Breast cancer is the most incident neoplasm and the main cause of death in women in high- and low-income countries [1]. Despite advances in diagnosis and treatments to cure cancer, side effects of the disease and treatments are common, such as reduced muscle strength, physical fitness, and self-esteem and increased pro-inflammatory cytokines, stress, anxiety, depressive symptoms, and sleep disorders [2, 3].

Sleep disorders affect over two-thirds of women who survived breast cancer [4, 5] and are associated with increased fatigue, reduced quality of life, cardiorespiratory performance, and functionality, and impaired memory, cognition, and motor skills [4, 6, 7]. Also, insomnia, hypersomnia, and circadian rhythm disorders are the most common sleep disorders in this population, assessed using sleep quality scales and quantitative measures, such as actigraphy [4, 5].

Exercise is an essential therapeutic intervention for patients after a cancer diagnosis, reducing cancer recurrence and breast cancer-related mortality and improving biological function and quality of life [8]. Also, studies showed beneficial effects of different exercises (e.g., aerobic, resistance, or combined) on sleep quality, improving the sleep–wake cycle and nocturnal sleep quality in women with breast cancer [9,10,11].

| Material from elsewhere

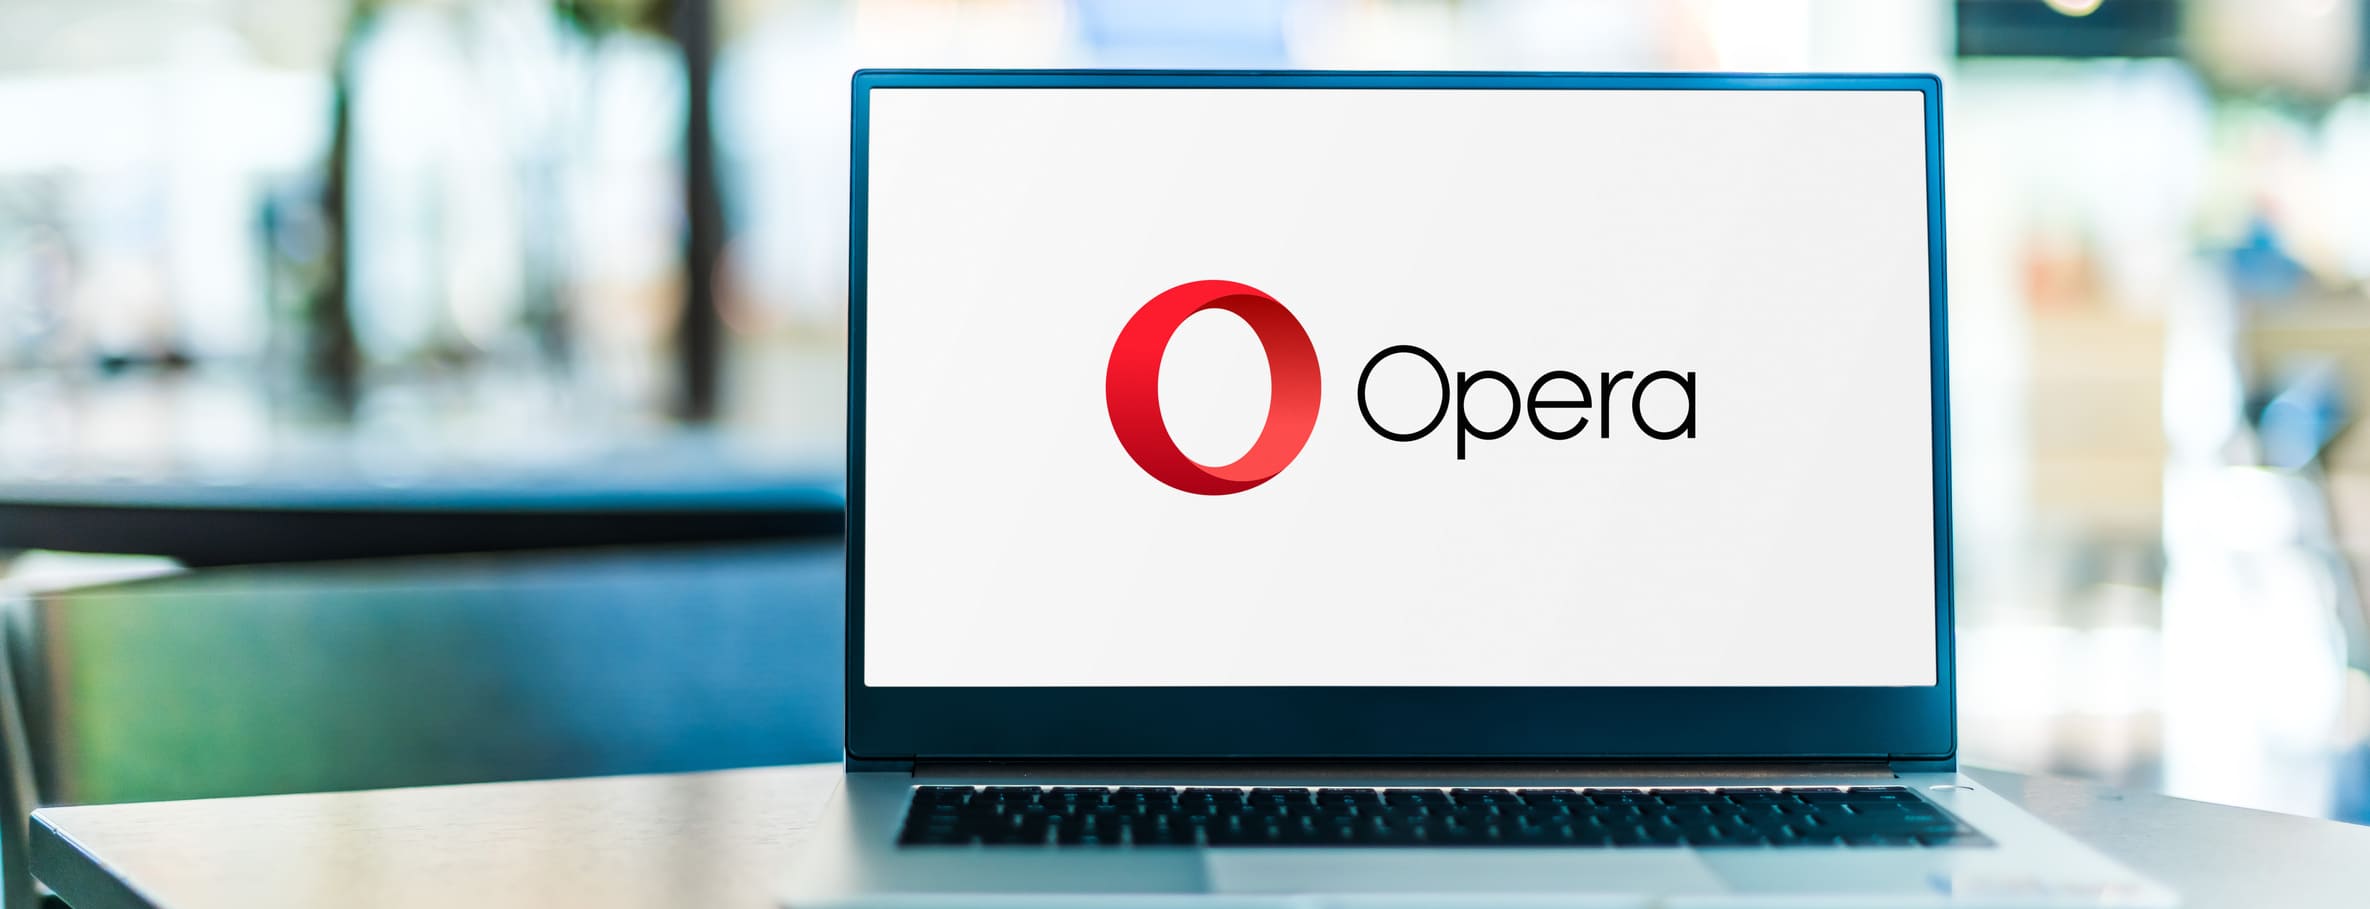 Opera browser integrates support for eight blockchains

Previous systematic reviews assessed isolate and mind–body exercises (e.g., yoga, Tai Chi, and Qigong) and reported positive effects on women who survived breast cancer [12, 13]. However, they included different protocols of exercises, physical activities, and mind–body exercises, hindering to isolate and estimate the effects of each exercise and presence of supervision. A study suggested that supervised exercise (SE) had higher treatment adherence than unsupervised exercise, increasing continuity in exercise and quality of life and reducing side effects of breast cancer treatment [14].

Considering the exercise as a physical therapy intervention for cancer survivors and SE impact on treatment protocols, this study aimed to analyze the efficacy of SE compared with other interventions in sleep parameters of women who survived breast cancer. The research question was: “what is the efficacy of exercise compared with other interventions in sleep outcomes of women who survived breast cancer?”.

Methods

This systematic review followed the Preferred Reporting Items for Systematic Reviews and Meta-Analyses (PRISMA) guideline [15] and Cochrane Handbook for Systematic Reviews of Interventions [16]. The protocol was registered in the PROSPERO platform (National Institute for Health Research, UK, no. CRD42023420894).

Eligibility criteria

The inclusion criteria were randomized clinical trials (published as full articles) investigating the effects of SE (isolated or multicomponent exercises, such as aerobic, resistance, or both) compared with unsupervised exercise protocols or other interventions on sleep parameters of women who survived non-metastatic breast cancer (at any stage of clinical follow-up). Exclusion criteria were studies assessing interventions with mind–body exercises or without results related to sleep parameters (i.e., sleep quality and circadian rhythm). Language and publication date were not restrictions.

Search strategy and study selection

The search was conducted on March 2, 2023, using the PubMed, Scopus, Physiotherapy Evidence Database (PEDro), Cochrane Library, and EMBASE databases. Each database had a specific search strategy (Appendix A), and the following descriptors were combined using the Boolean operators (AND/OR): breast cancer, sleep, exercise, physical activity, physical therapy modalities, aerobic exercise, breathing exercises, and muscle training. Reference lists of included studies were also analyzed to include eligible articles.

Data screening and extraction

References were exported and analyzed using the Rayyan software (QCRI, Qatar) [17]. After excluding duplicates, two independent researchers (M.P.M.F.B. and N.T.J) screened the studies based on title and abstract. Studies meeting the inclusion criteria were selected for full-text reading, and those reporting the effect of exercise on sleep of women who survived breast cancer were included in the qualitative synthesis.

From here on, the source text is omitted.